[[ Data under study, beginning ]]

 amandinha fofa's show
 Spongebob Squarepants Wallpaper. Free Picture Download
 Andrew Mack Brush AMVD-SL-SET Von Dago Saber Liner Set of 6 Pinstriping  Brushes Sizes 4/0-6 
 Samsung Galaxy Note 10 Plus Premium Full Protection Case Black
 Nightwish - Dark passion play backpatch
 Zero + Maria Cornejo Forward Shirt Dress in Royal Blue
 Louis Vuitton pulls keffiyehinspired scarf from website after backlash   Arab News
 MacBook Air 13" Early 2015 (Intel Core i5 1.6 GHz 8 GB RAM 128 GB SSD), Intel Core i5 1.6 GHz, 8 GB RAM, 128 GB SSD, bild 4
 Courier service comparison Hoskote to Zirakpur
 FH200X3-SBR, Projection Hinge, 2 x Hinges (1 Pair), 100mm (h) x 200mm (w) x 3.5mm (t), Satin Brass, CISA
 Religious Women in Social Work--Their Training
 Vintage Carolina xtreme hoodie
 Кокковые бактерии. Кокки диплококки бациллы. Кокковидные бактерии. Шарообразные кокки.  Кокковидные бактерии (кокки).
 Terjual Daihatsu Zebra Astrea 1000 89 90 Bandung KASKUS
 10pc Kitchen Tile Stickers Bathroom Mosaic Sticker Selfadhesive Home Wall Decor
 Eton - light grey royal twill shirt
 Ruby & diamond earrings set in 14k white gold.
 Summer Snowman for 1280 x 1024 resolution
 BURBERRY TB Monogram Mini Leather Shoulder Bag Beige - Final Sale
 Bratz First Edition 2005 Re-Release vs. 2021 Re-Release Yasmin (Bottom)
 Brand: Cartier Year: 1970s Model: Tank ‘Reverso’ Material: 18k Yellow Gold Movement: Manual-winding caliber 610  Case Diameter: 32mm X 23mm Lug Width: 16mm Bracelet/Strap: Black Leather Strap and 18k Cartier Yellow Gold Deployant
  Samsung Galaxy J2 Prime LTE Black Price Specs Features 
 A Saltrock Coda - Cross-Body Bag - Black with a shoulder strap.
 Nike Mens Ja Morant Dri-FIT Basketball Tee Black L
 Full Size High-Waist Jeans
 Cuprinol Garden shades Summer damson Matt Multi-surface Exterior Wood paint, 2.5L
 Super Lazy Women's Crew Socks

[[ Data under study, end ]]

Check the entries above for the word "Women" and copy every line where it turns up.

*Your response*.
 Religious Women in Social Work--Their Training
 Super Lazy Women's Crew Socks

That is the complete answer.